Excerpts from a dataset
_ _ _ _ _
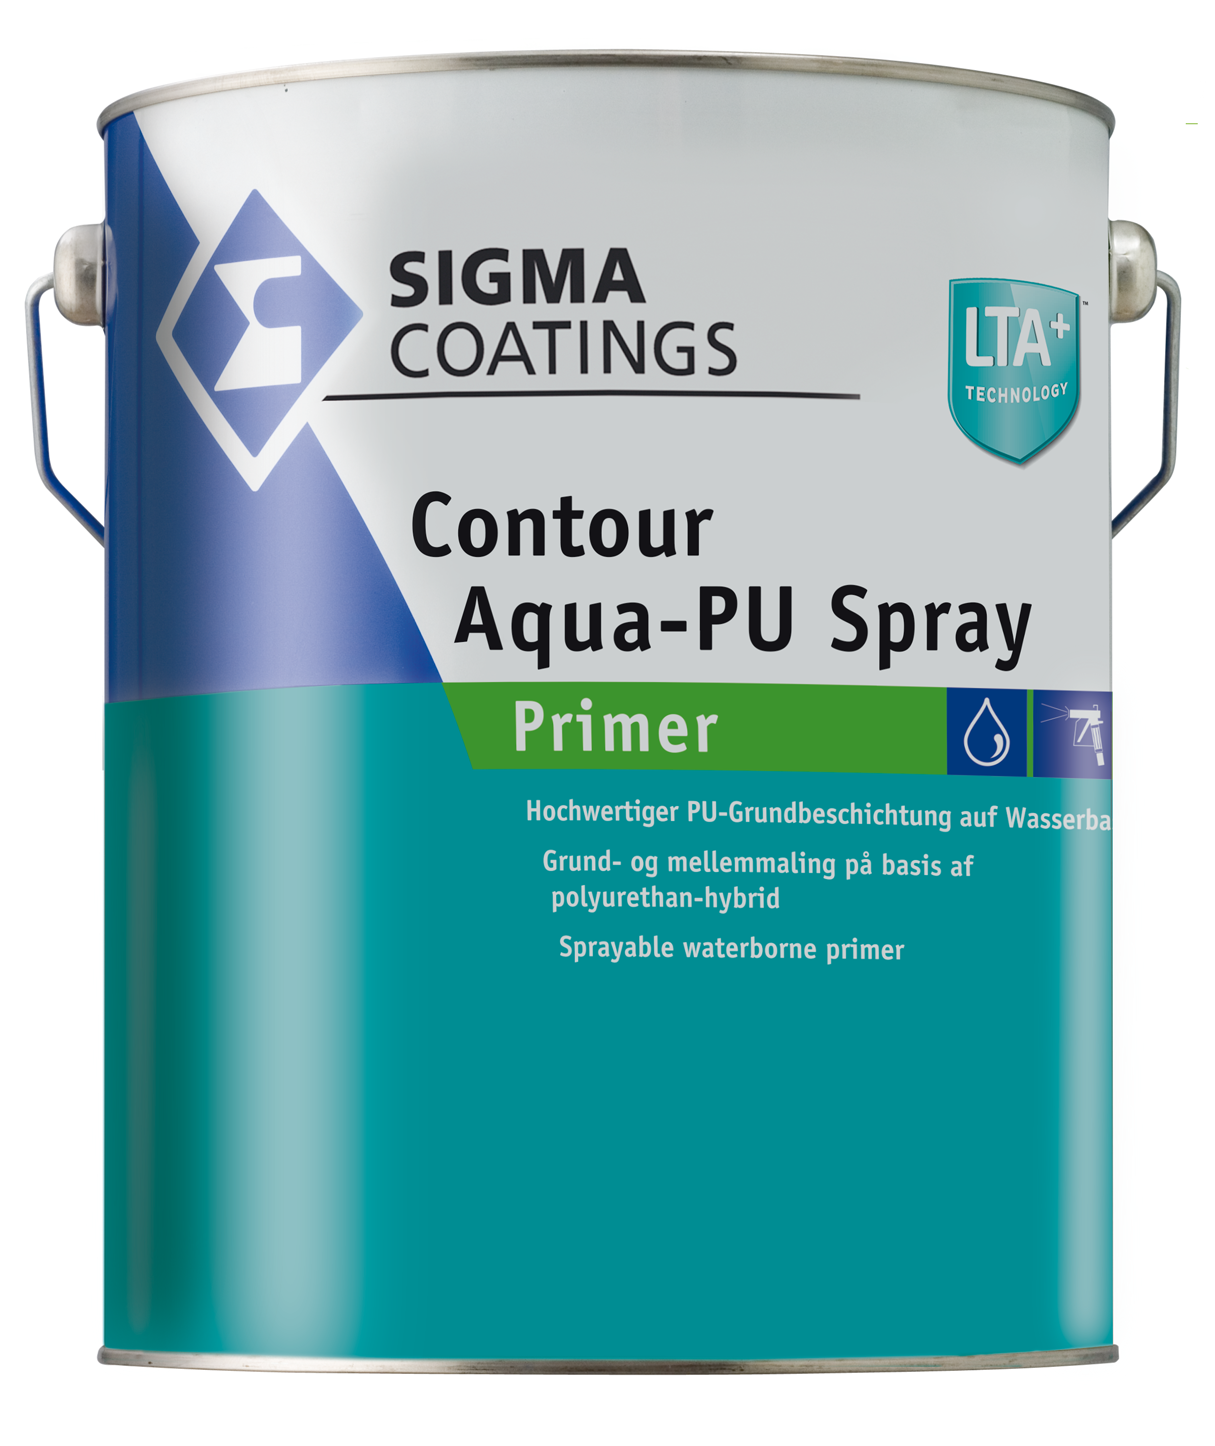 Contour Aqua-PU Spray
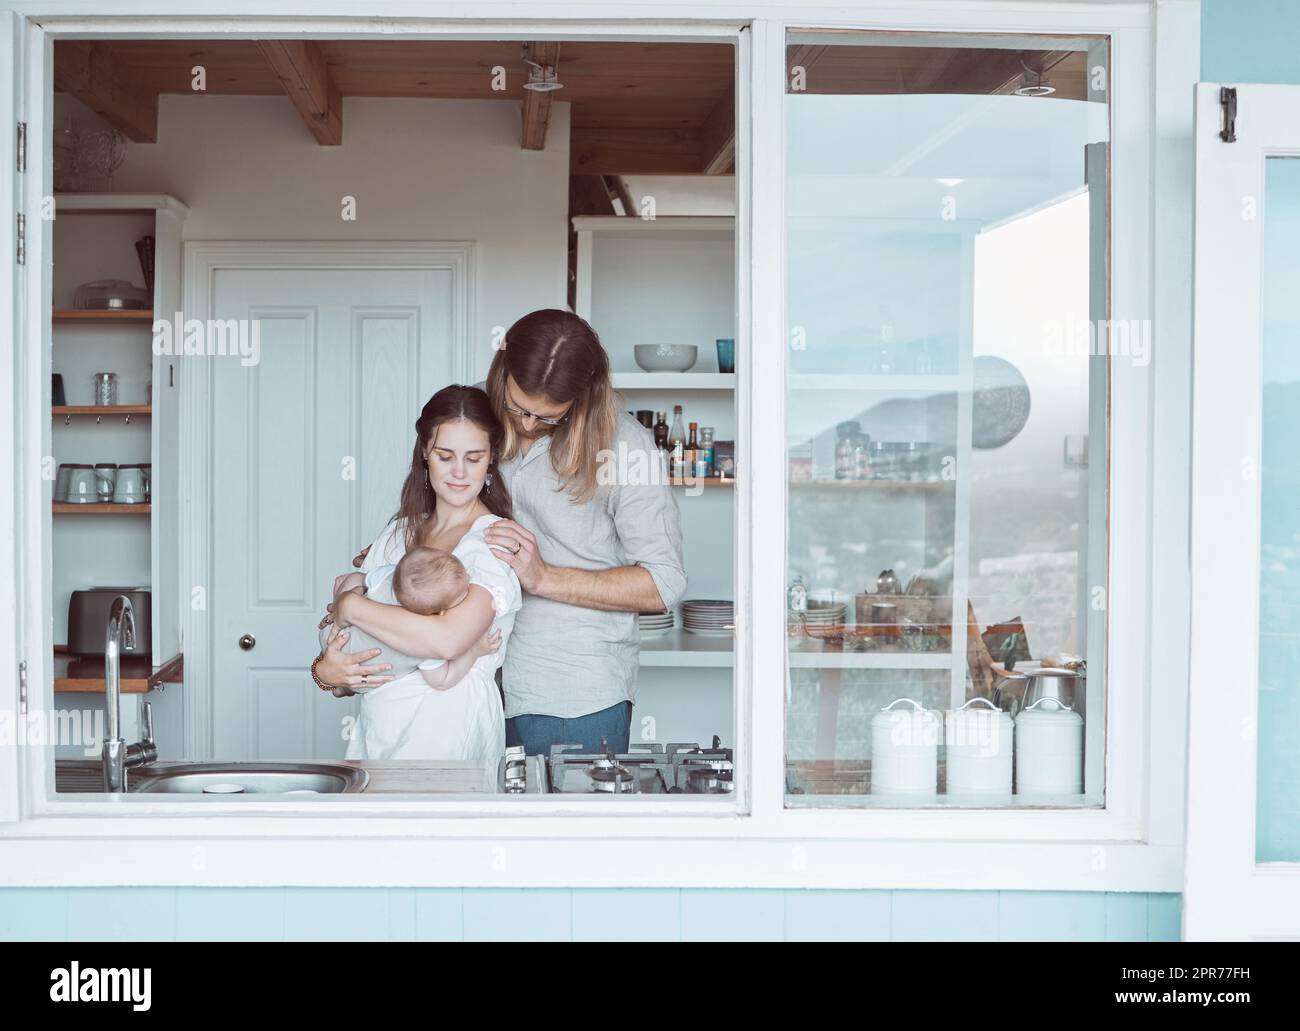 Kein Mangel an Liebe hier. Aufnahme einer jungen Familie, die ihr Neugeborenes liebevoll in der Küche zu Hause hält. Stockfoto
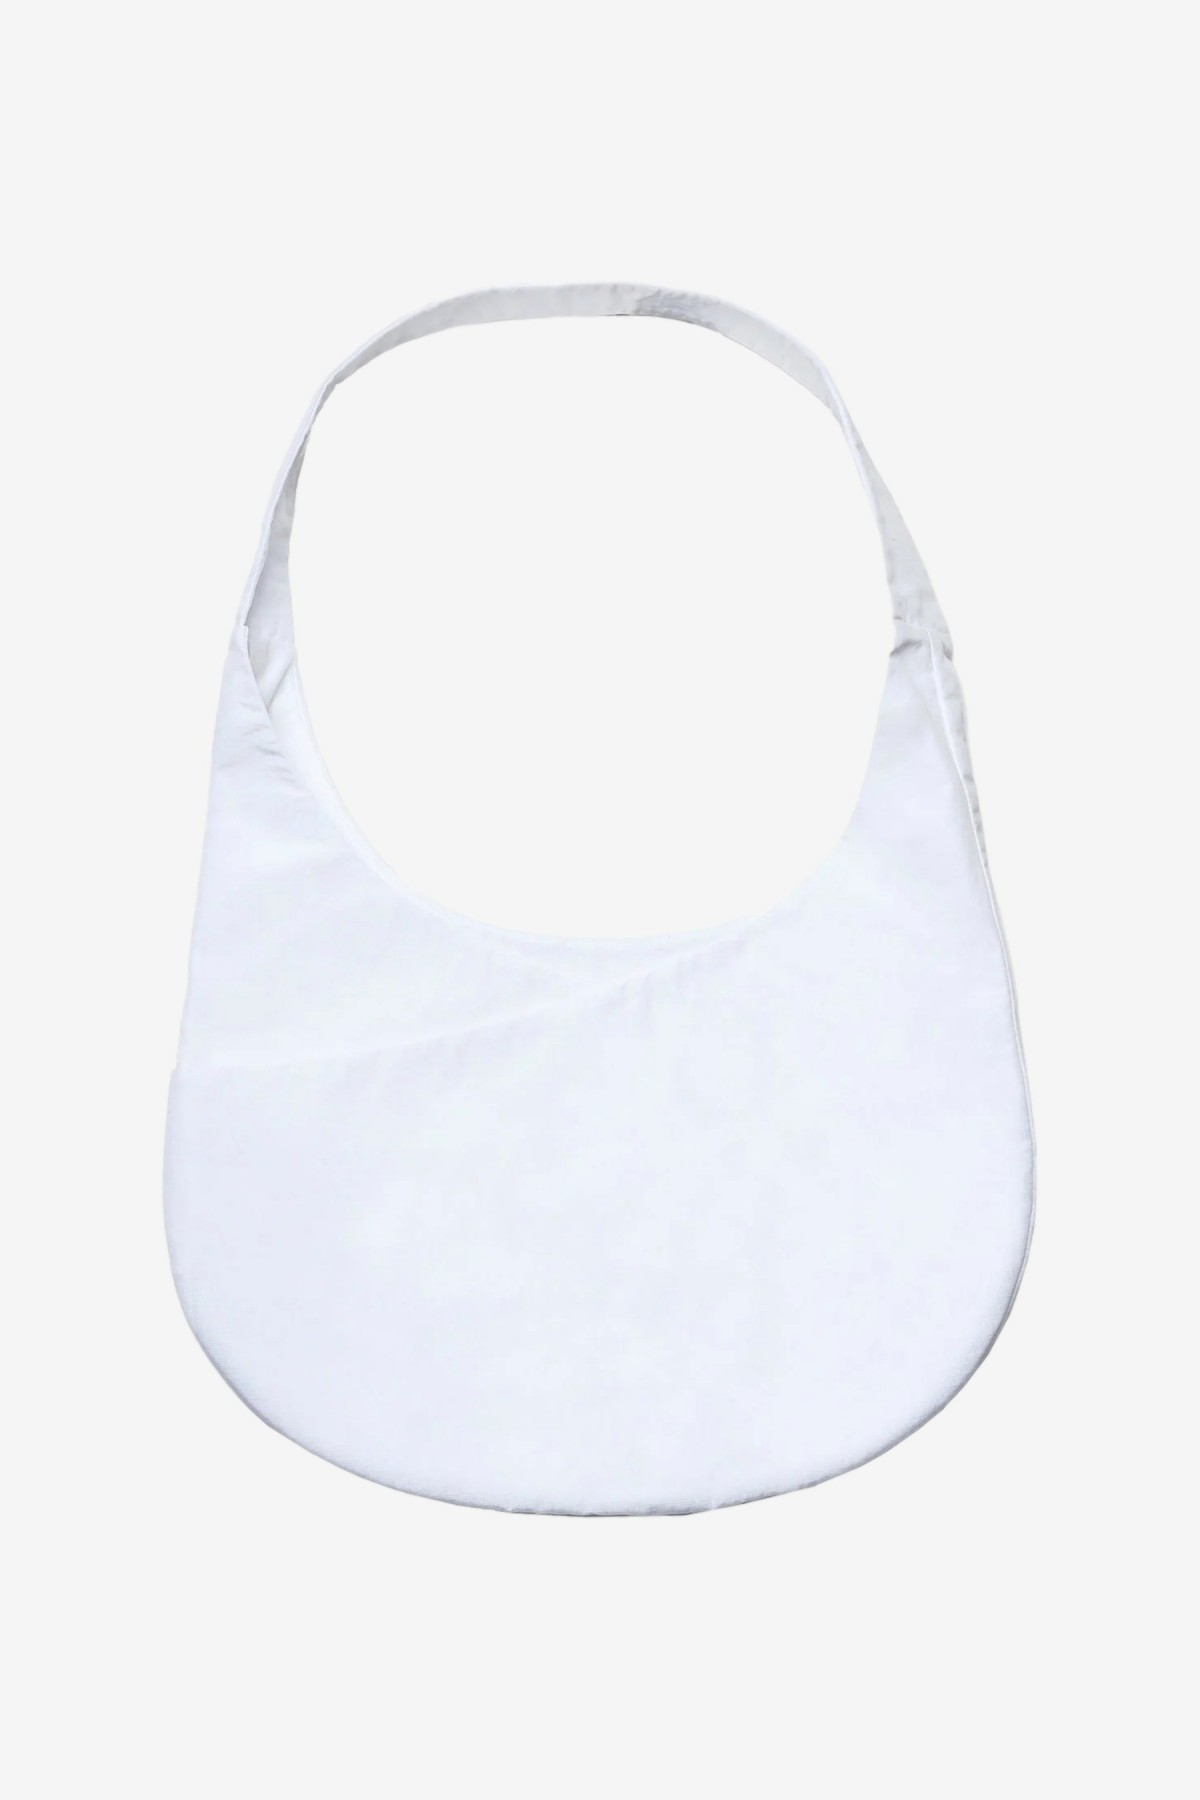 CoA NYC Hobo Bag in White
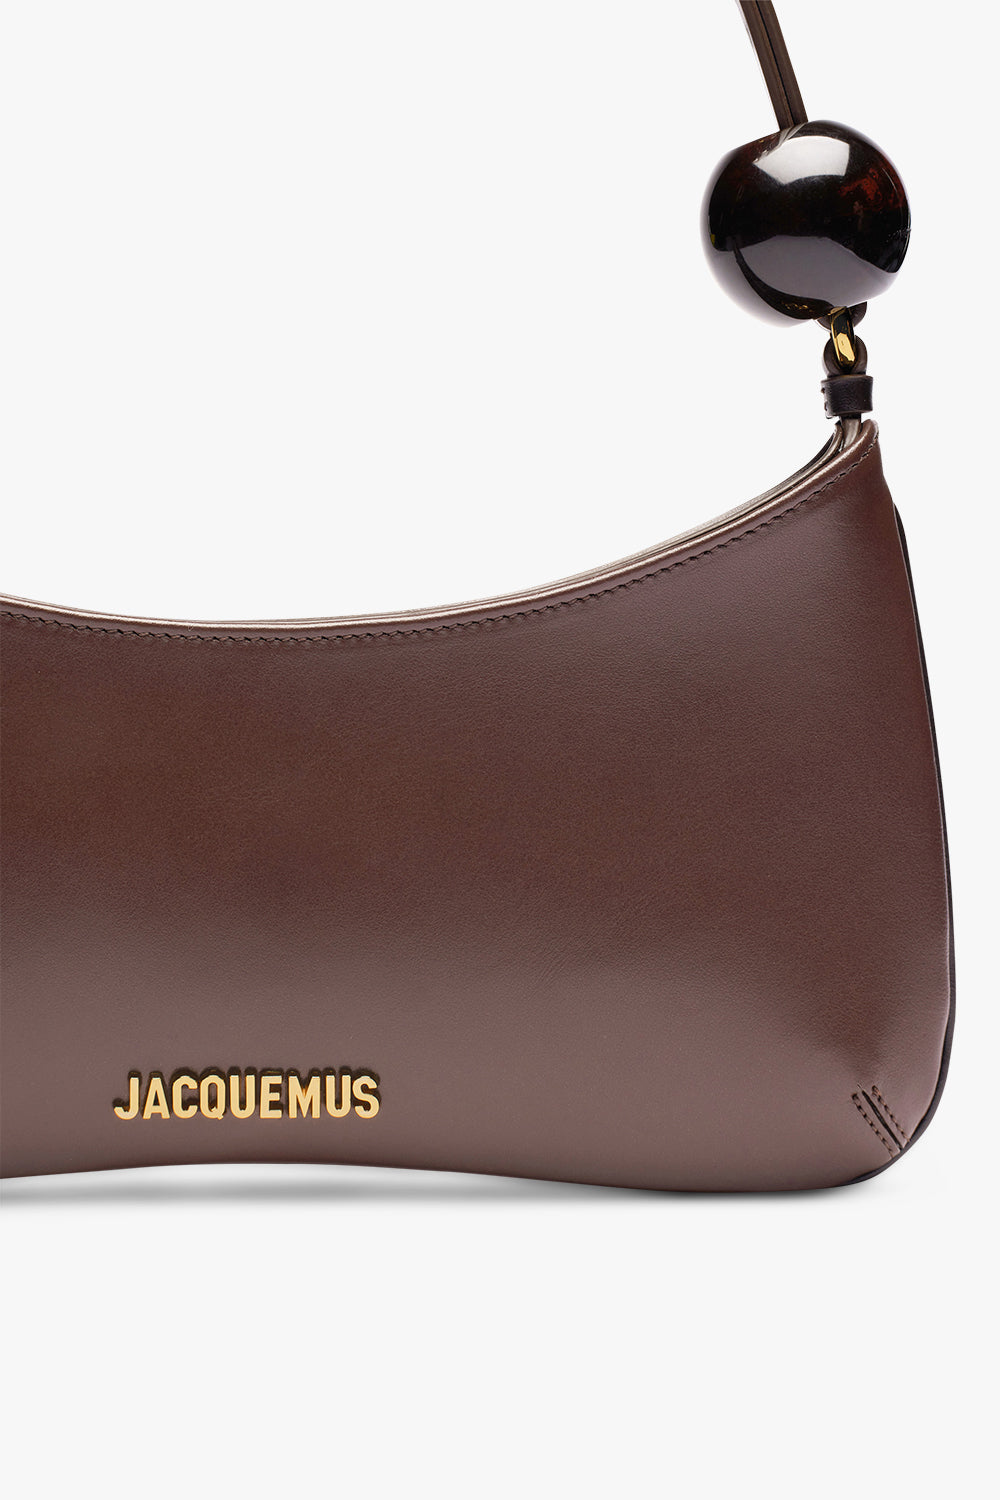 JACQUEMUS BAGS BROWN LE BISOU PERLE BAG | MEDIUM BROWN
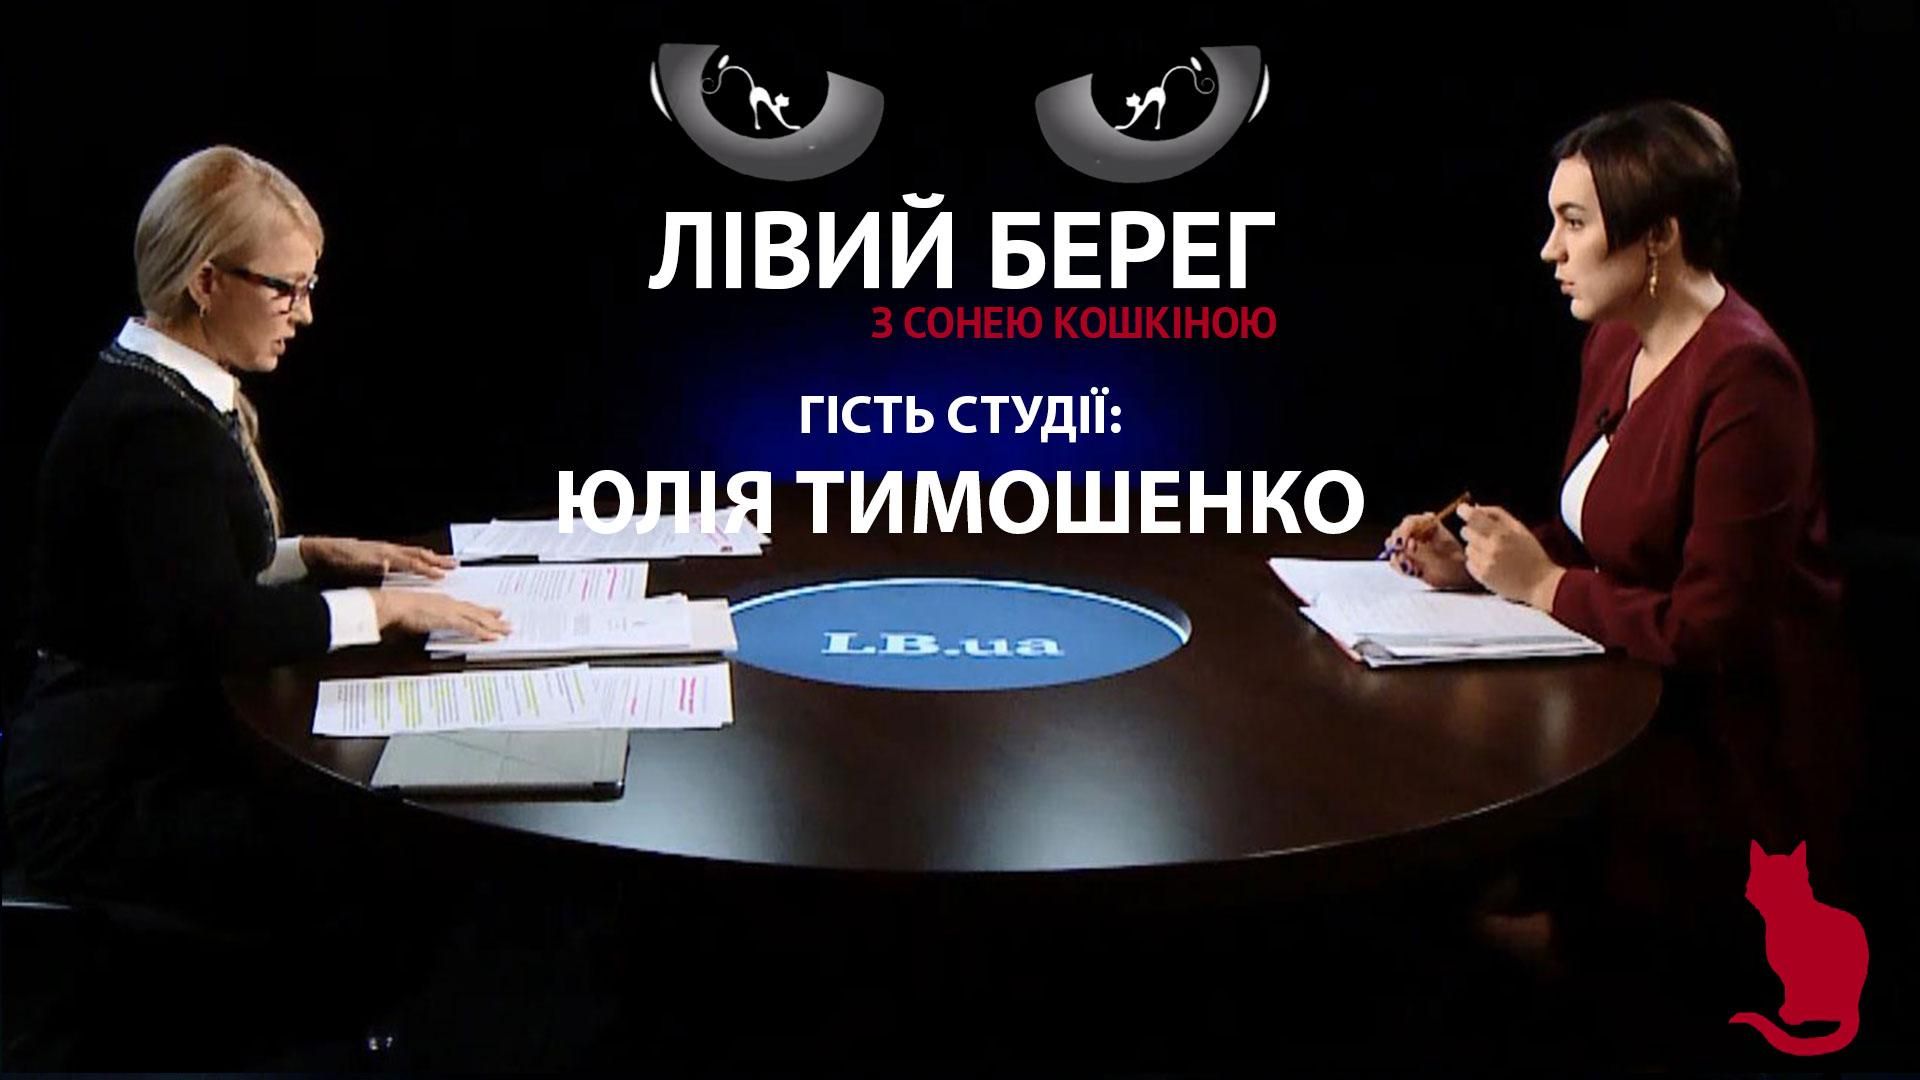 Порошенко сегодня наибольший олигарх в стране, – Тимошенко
_ _ _ _ _
Task to carry out: The copy must start at the line containing "JACQUEMUS BAGS BROWN" and end at the last line of the records, matching each line exactly and holding no pictures.

Result:
 JACQUEMUS BAGS BROWN LE BISOU PERLE BAG | MEDIUM BROWN
 Порошенко сегодня наибольший олигарх в стране, – Тимошенко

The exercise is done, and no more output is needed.